_Work request_
For this exercise, return only the lines in the records below from the one holding "Erzetich Thalia headphones Review" through the one holding "3D Hausnummer 4", including both, exactly as they appear and without pictures.

_Data for review_
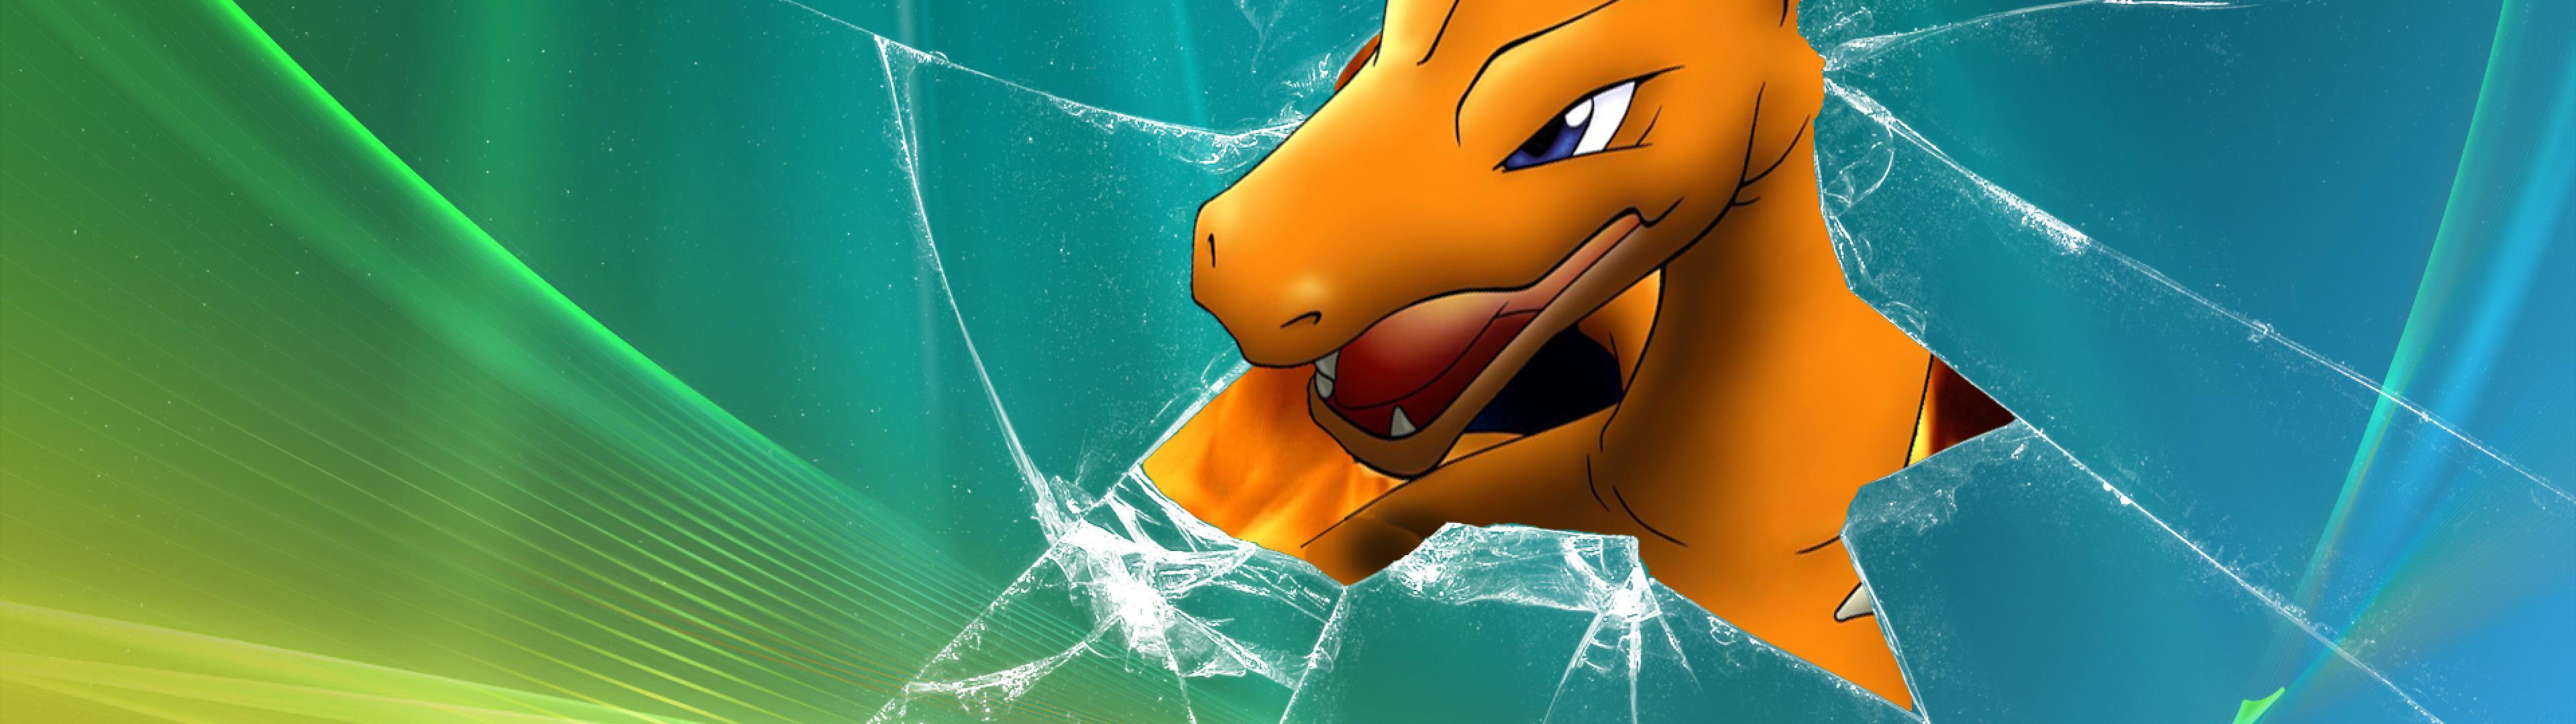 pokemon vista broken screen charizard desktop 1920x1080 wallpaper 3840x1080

* * *

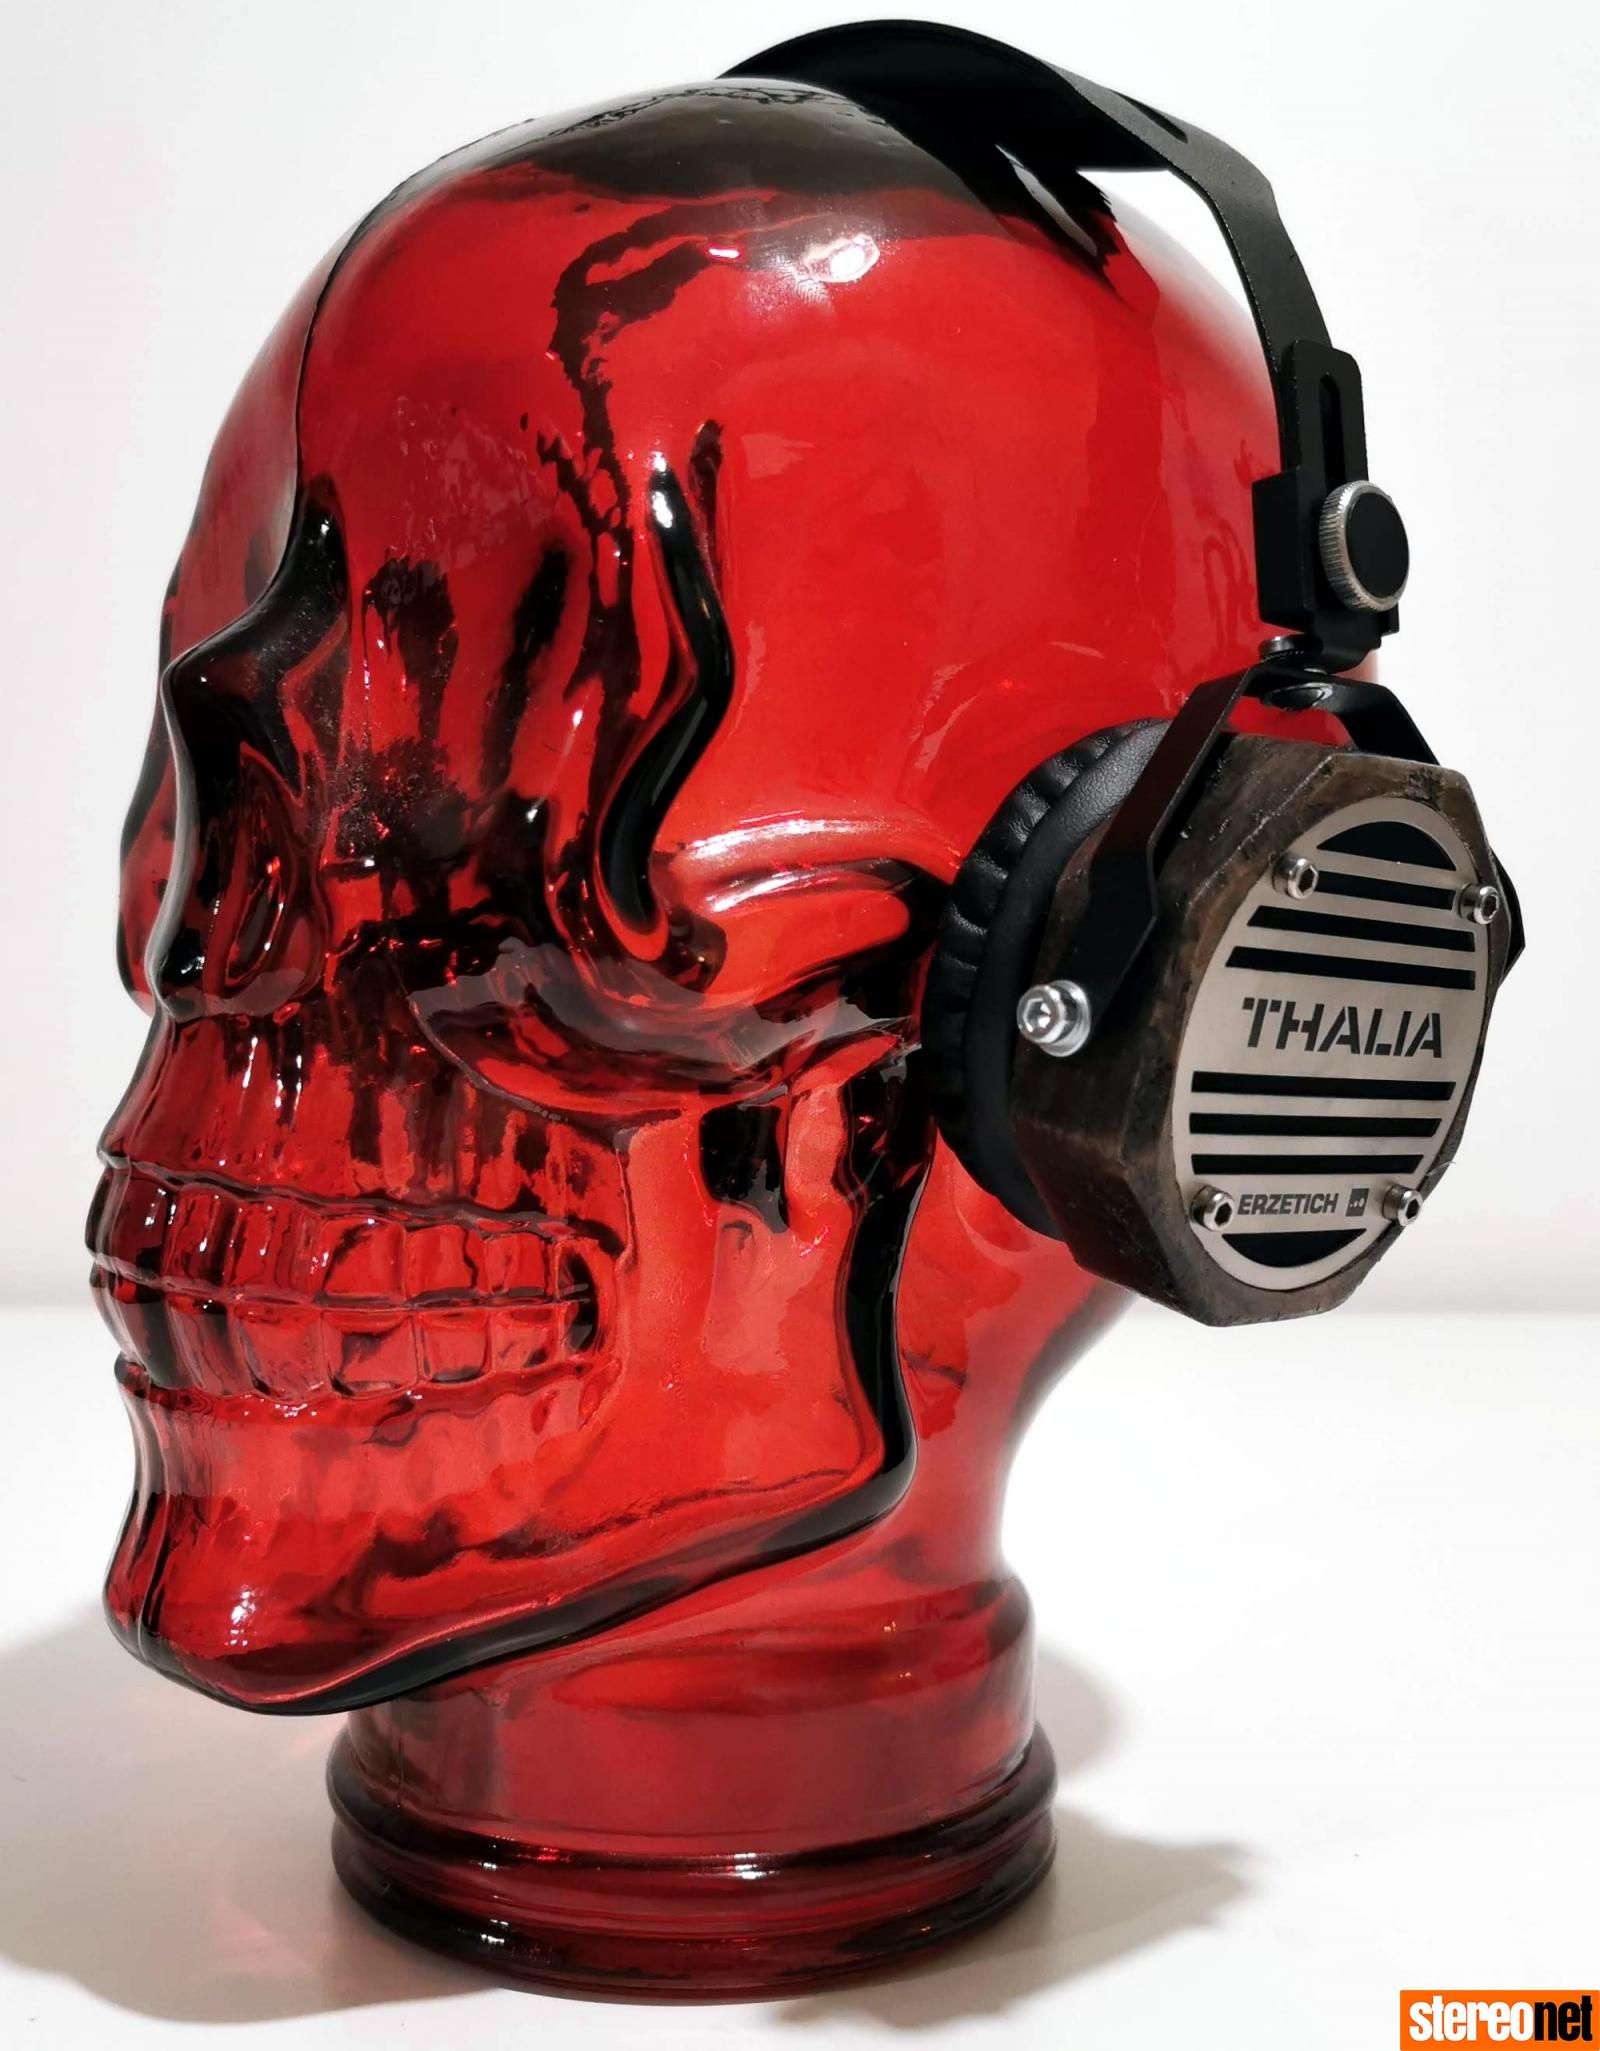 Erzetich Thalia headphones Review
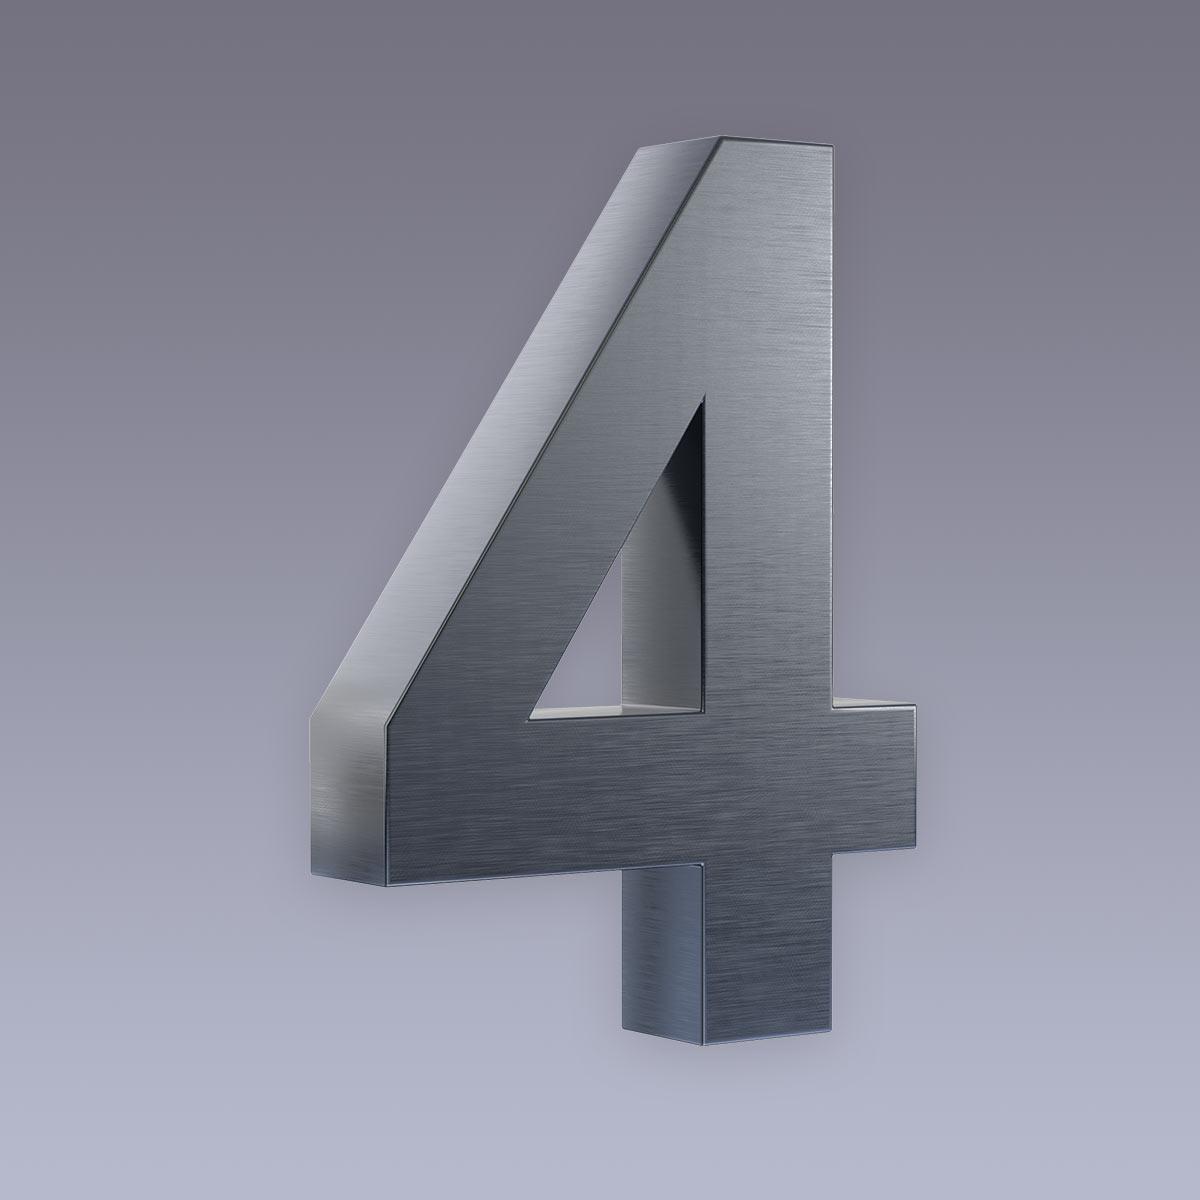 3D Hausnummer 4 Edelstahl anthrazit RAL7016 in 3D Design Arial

_Your response_
 Erzetich Thalia headphones Review
 3D Hausnummer 4 Edelstahl anthrazit RAL7016 in 3D Design Arial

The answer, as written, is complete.